## Goal of the exercise
From the first line to the last, retype everything below exactly, minus the pictures.

## Recorded information
━━━━━━━━━━━━━━━━━━━━━━━━━━━━━━

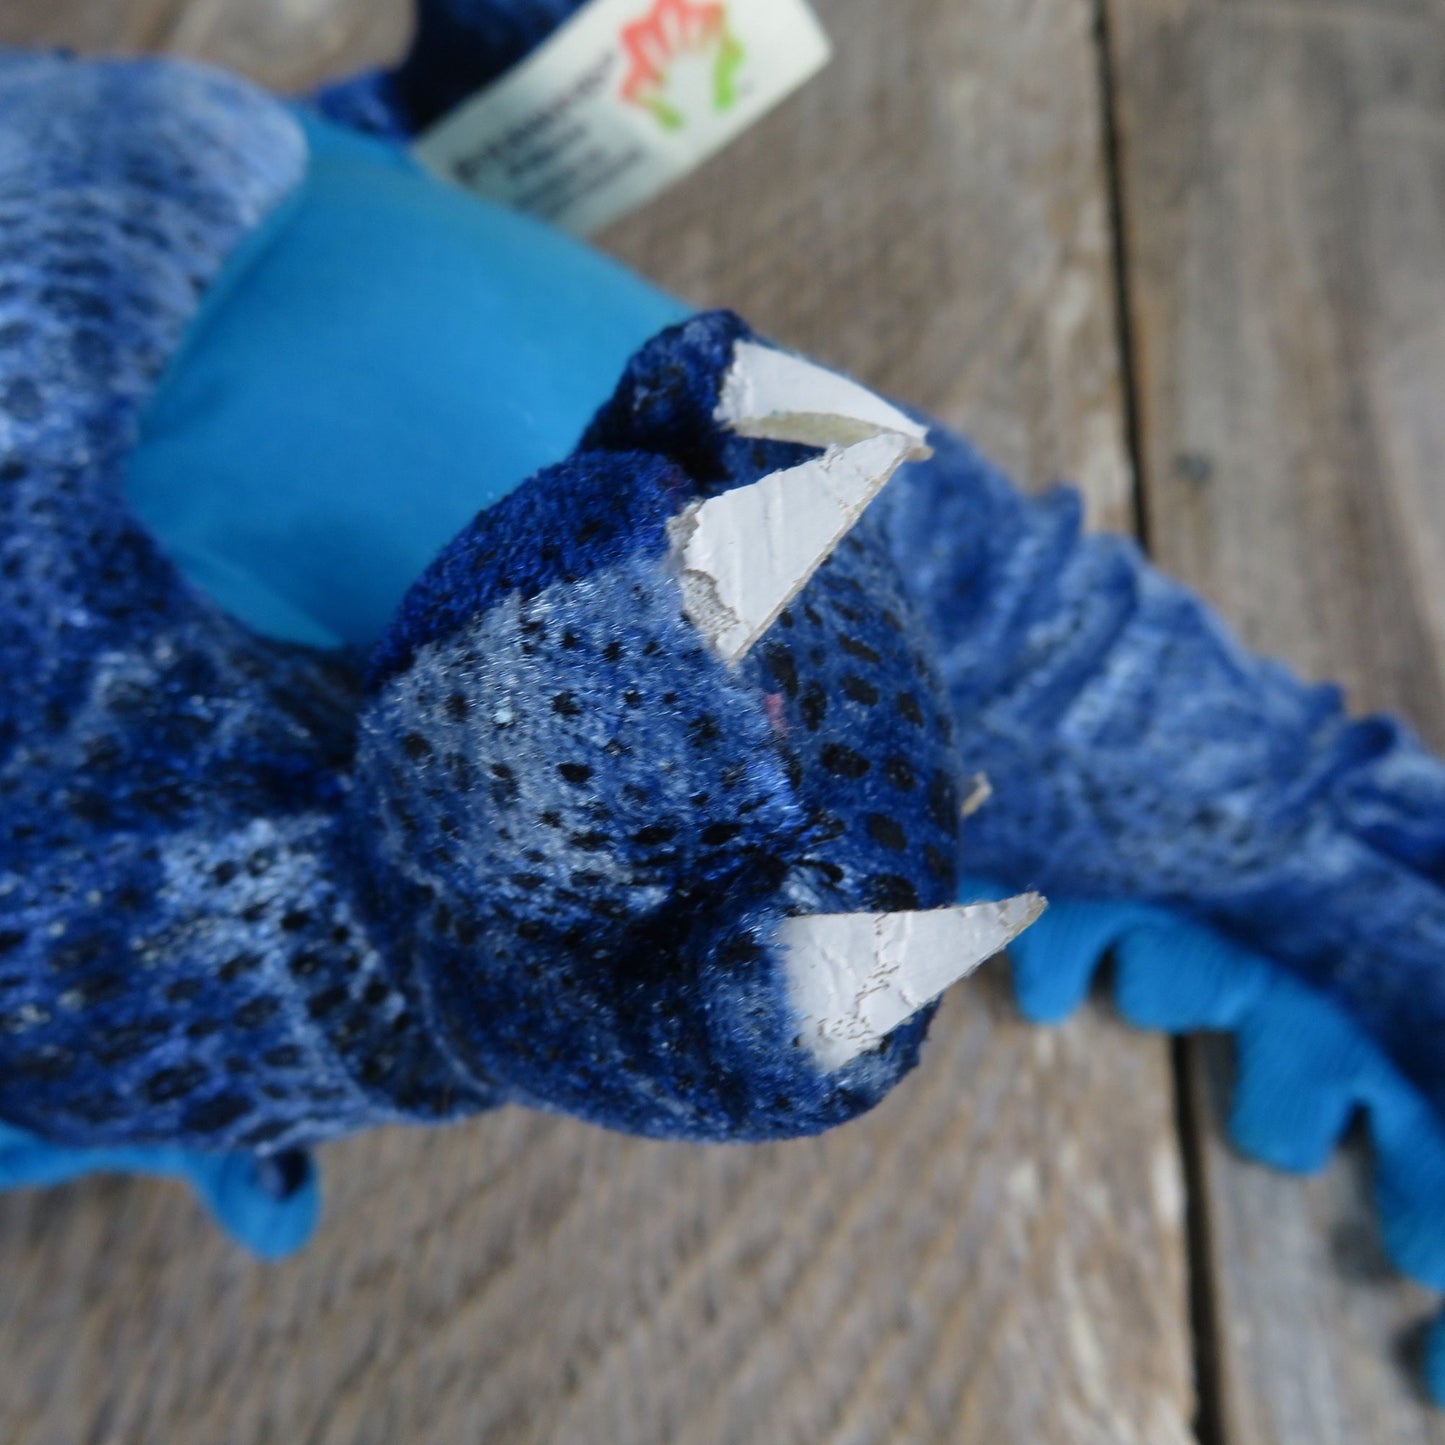 Blue Dragon Puppet Plush 3 Headed Folkmanis Magical Fantasy Full Body Stuffed Animal
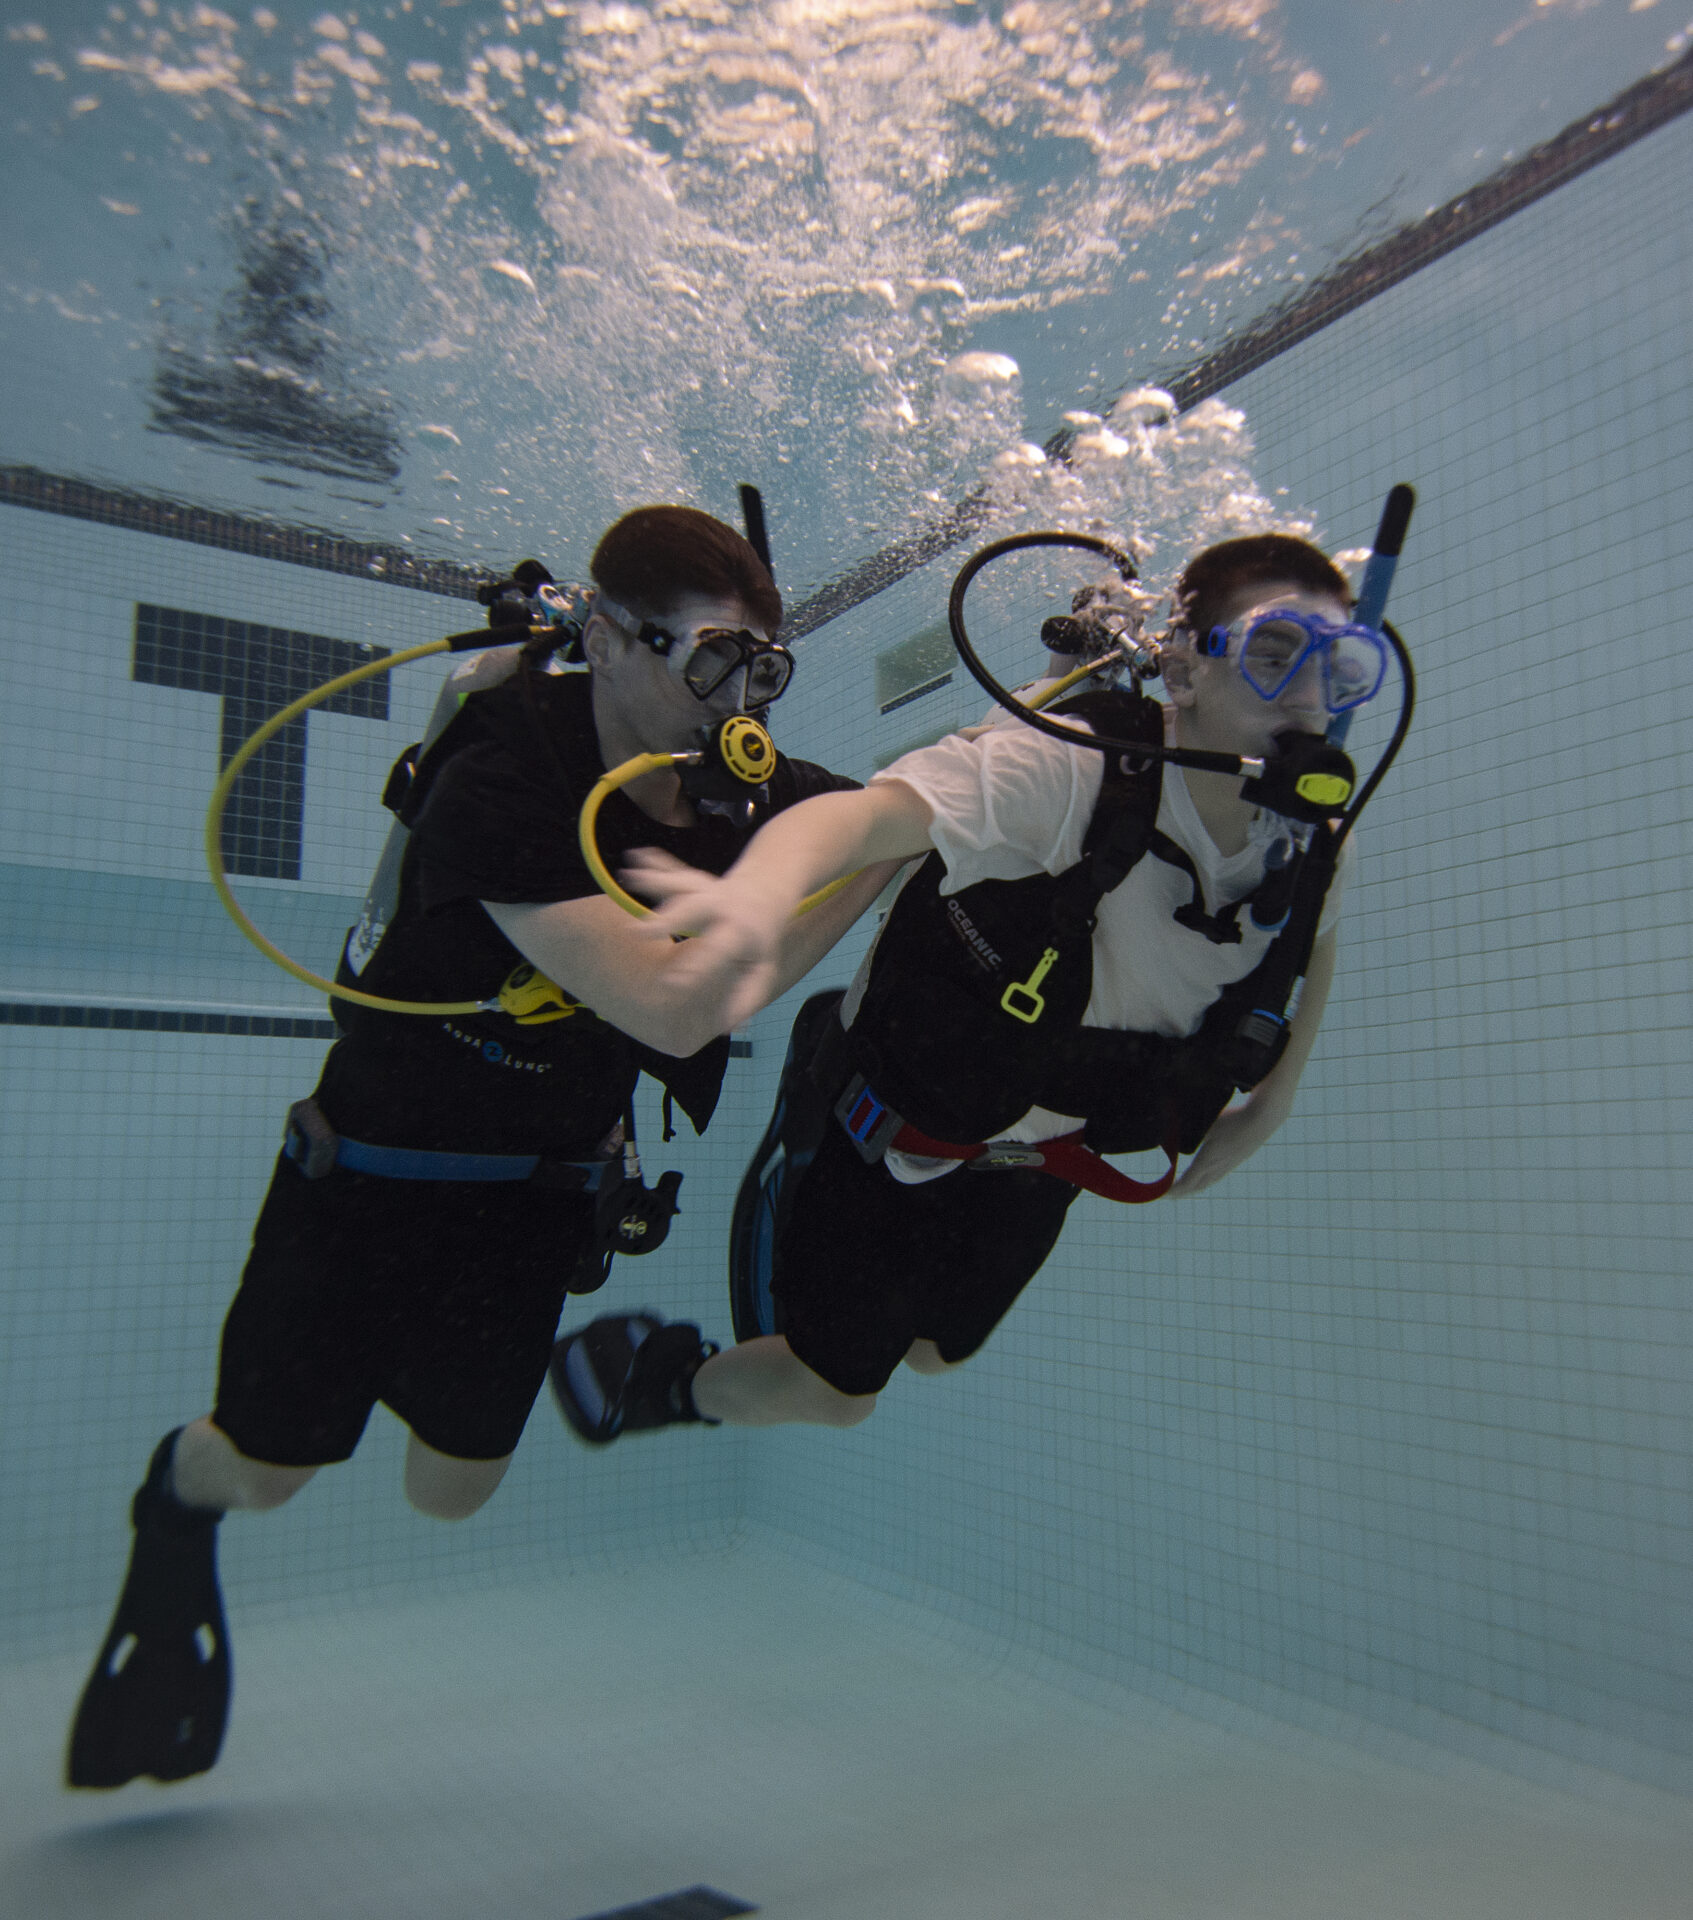 Students scuba diving
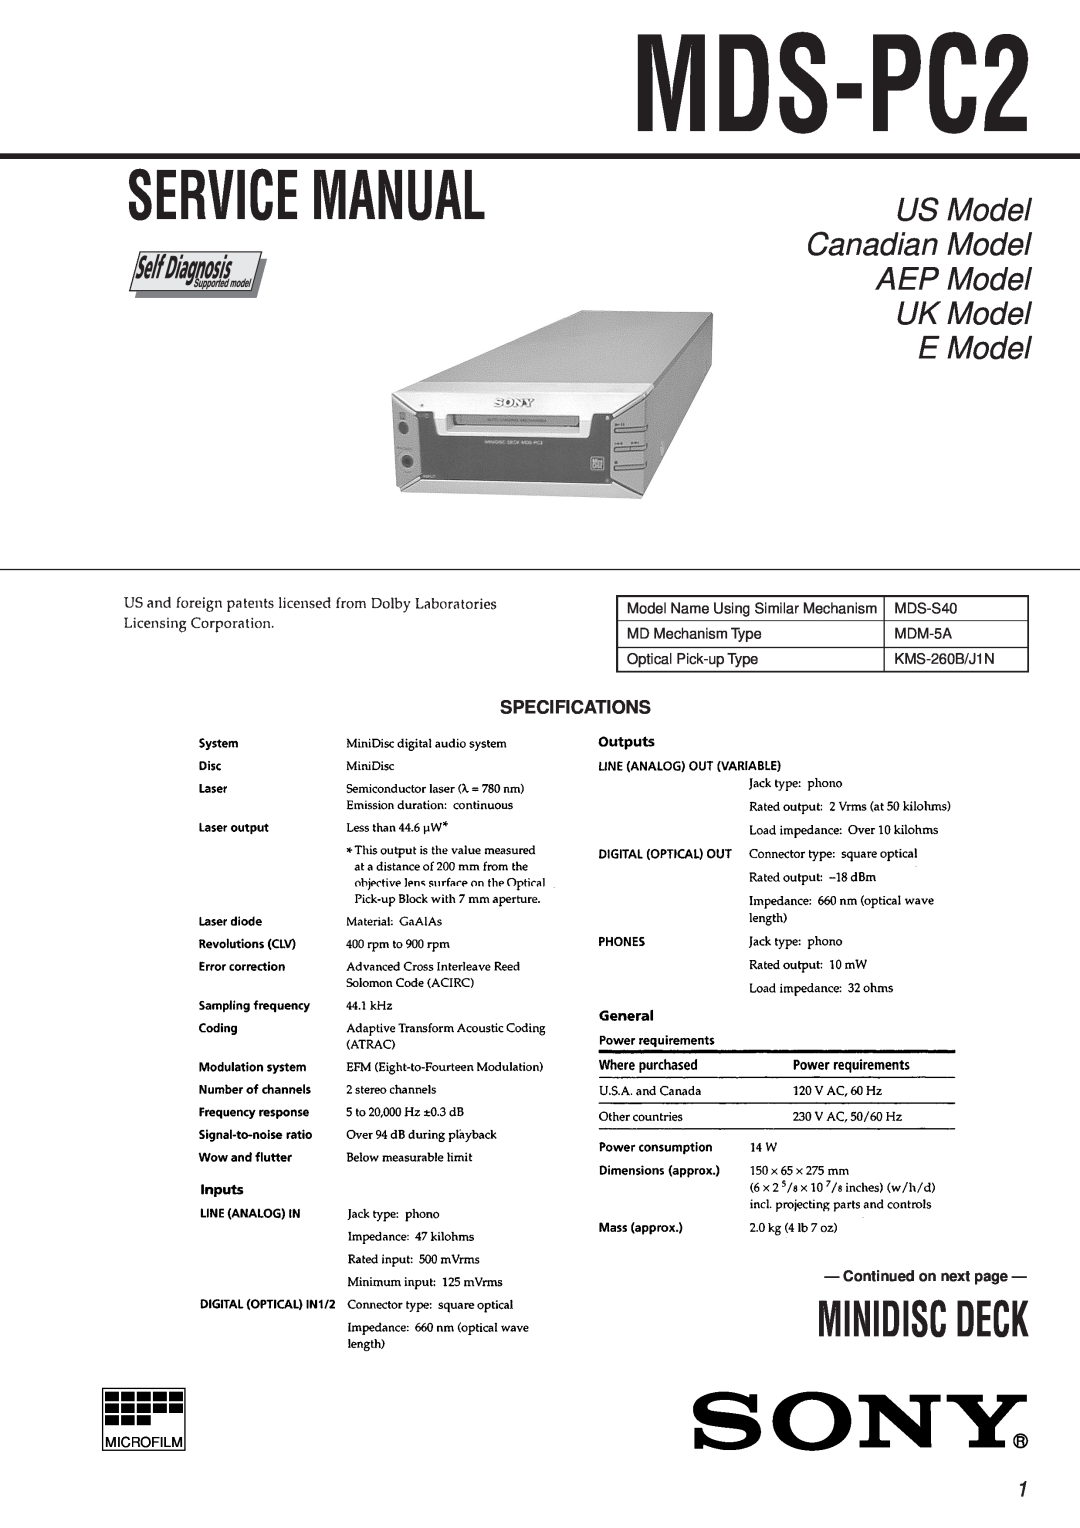 Sony MDS-PC2 service manual Specifications, Minidisc Deck, US Model Canadian Model AEP Model UK Model, E Model 
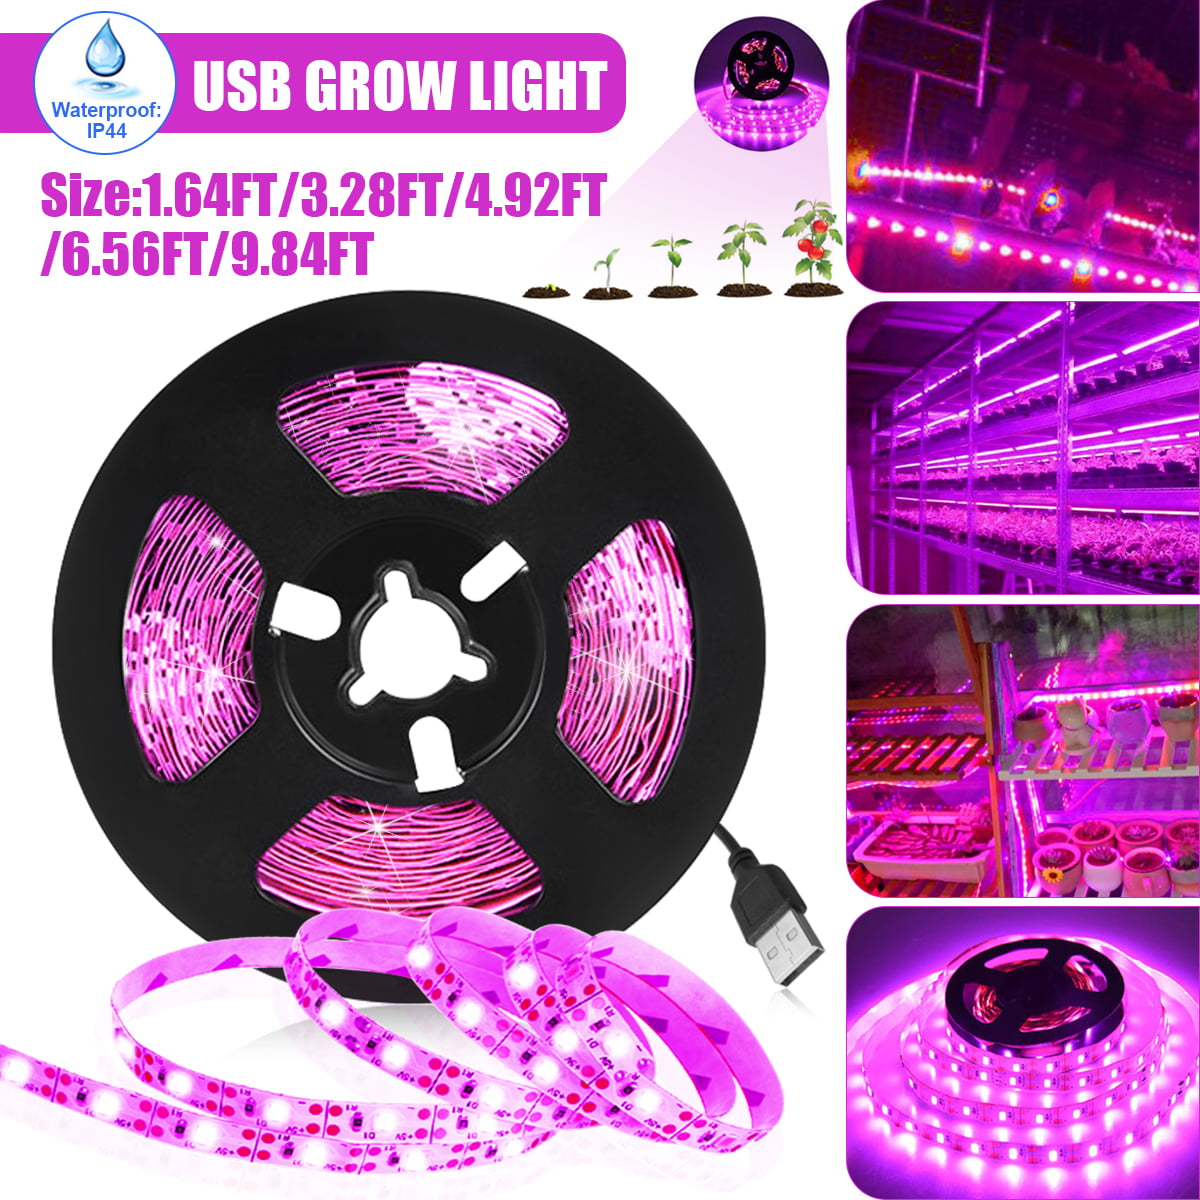 USB LED Grow Light Strip Full Spectrum 2835 LED Strip for Indoor Plant Growing g

━━━━━━━━━━━━━━━━━━━━━━━━━━━━━━

## Solution
 Blue Dragon Puppet Plush 3 Headed Folkmanis Magical Fantasy Full Body Stuffed Animal
 Students scuba diving
 Sony MDS-PC2 service manual Specifications, Minidisc Deck, US Model Canadian Model AEP Model UK Model, E Model 
 USB LED Grow Light Strip Full Spectrum 2835 LED Strip for Indoor Plant Growing g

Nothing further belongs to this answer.